Explain what lets a transformer weigh distant tokens when generating the next one.
→Self-attention. Each token attends to every other token via query/key/value projections, producing context-weighted representations.
Why: Attention, not recurrence, is what gives transformers long-range context and parallelizable training.
Pick how to inject new knowledge or behavior into an LLM.
→New facts that change often → RAG. New task behavior/style → fine-tune. New base capability/vocabulary at scale → continued pre-training.
Why: RAG keeps data external and updatable; fine-tuning bakes behavior into weights; pre-training is the most expensive lever.
Define what makes a model a foundation model.
→A large model pre-trained on broad, mostly unlabeled data that is adaptable to many downstream tasks via prompting, RAG, or fine-tuning.
Estimate how text maps to model input units and what drives cost.
→Text is split into sub-word tokens by a tokenizer (e.g. BPE). Cost and context limits are measured in tokens, not characters or words.
Why: Rare or non-English words split into more tokens, inflating context use and inference cost.
A long document does not fit in a single prompt.
→The input exceeds the model's context window (max tokens for input + output). Chunk the document for RAG or choose a longer-context model.
Why: The context window is a hard limit; everything beyond it is truncated and silently lost.
Power semantic search or RAG retrieval over text.

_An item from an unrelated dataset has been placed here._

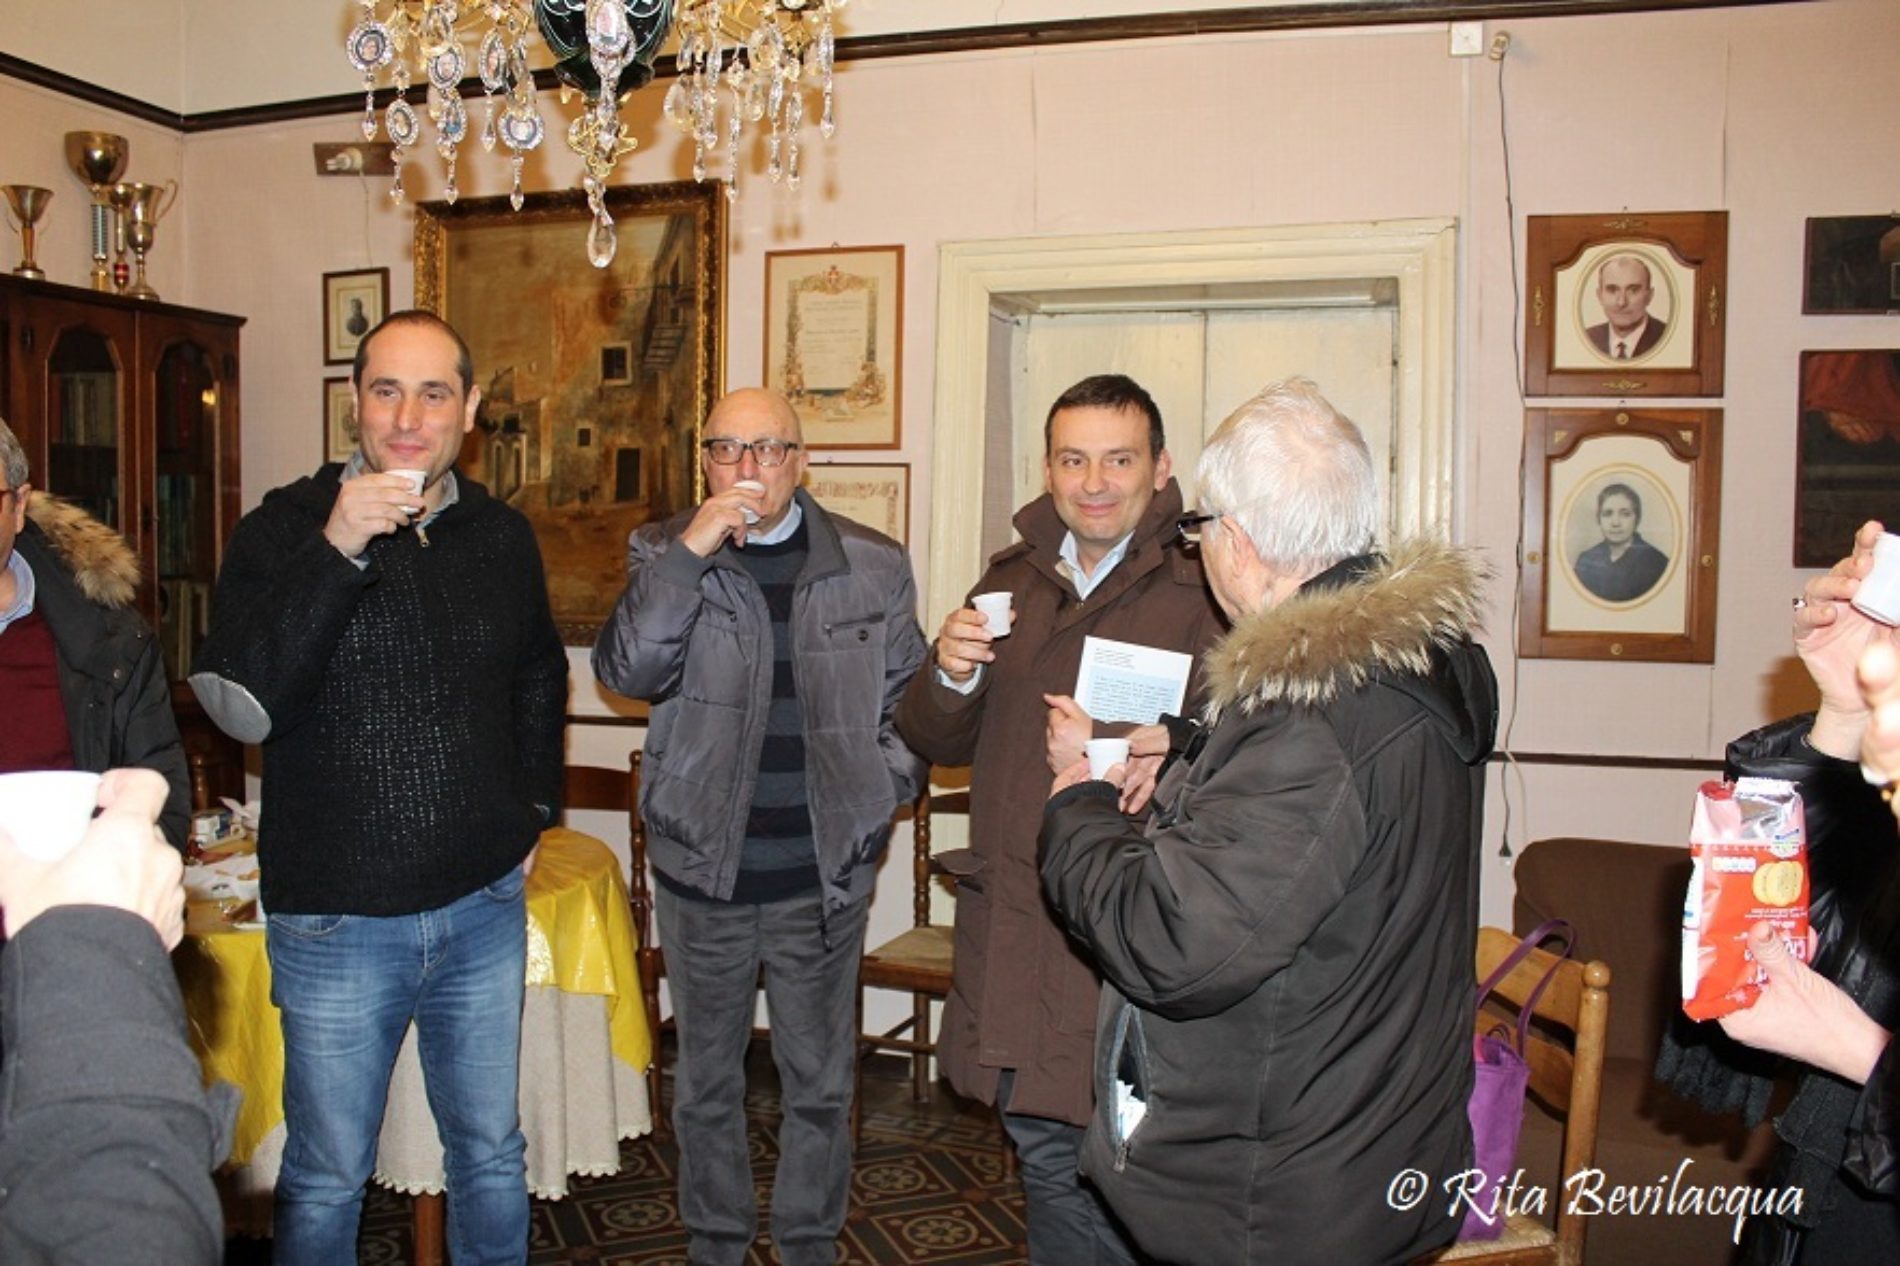 Il Salotto artistico – letterario “Civico 49” incontra per la terza volta il sindaco Fabio Accardi

→Use an embedding model to convert text into dense vectors, then retrieve by cosine/dot-product similarity from a vector store.
Why: Embeddings place semantically similar text near each other, enabling meaning-based rather than keyword retrieval.
Choose output behavior: deterministic vs. creative.
→Low temperature (~0.0-0.3) → focused, repeatable. High temperature (~0.7-1.0) → diverse, creative. Use near-0 for classification or extraction.
Why: Temperature scales the probability distribution before sampling; lower values concentrate mass on the top tokens.
Constrain the candidate token pool beyond temperature.
→Top-k keeps the k most-likely tokens; top-p (nucleus) keeps the smallest set whose cumulative probability reaches p.
Why: Top-p adapts the candidate set to the distribution shape; top-k is fixed-width regardless of confidence.
Identify how LLMs learn from unlabeled text.
→Self-supervised learning — next-token (causal) or masked-token prediction creates labels from the text itself, no human annotation.
Why: It is what lets LLMs train on internet-scale corpora without manual labeling.
Match architecture to task family.
→Generation → decoder-only (GPT-style). Understanding/classification → encoder-only (BERT-style). Seq-to-seq translation/summarization → encoder-decoder (T5-style).
Why: Decoder-only models predict left-to-right; encoders see bidirectional context, better for representation tasks.
Make a base model follow instructions and prefer helpful, safe answers.
→Instruction tuning followed by alignment such as RLHF — reinforcement learning from human preference rankings.
Why: A raw pre-trained model predicts text; alignment steers it toward intended assistant behavior.
The model states confident but fabricated facts.
→Hallucination. Mitigate by grounding with RAG, lowering temperature, citing sources, and adding guardrails plus human review for high-stakes outputs.
Why: LLMs predict plausible tokens, not verified facts; grounding supplies the missing evidence.
Distinguish model size from training data size.
→Parameters = learned weights (model capacity). Tokens = volume of training text. Both scale capability under scaling laws.
Why: A bigger model under-trained on too few tokens underperforms a smaller, well-trained one (Chinchilla insight).
Separate the two GPU-heavy phases of an LLM lifecycle.
→Training updates weights from data (one-time, batch). Inference runs the frozen model to generate outputs (ongoing, latency-sensitive).
Why: Optimization tools differ: training uses parallelism frameworks; inference uses TensorRT-LLM and Triton.
A fine-tuned model memorizes training examples and fails on new inputs.
→Overfitting. Mitigate with more/diverse data, early stopping, lower learning rate, fewer epochs, or regularization like dropout.
Why: A large train-vs-validation gap means the model fit noise instead of generalizable patterns.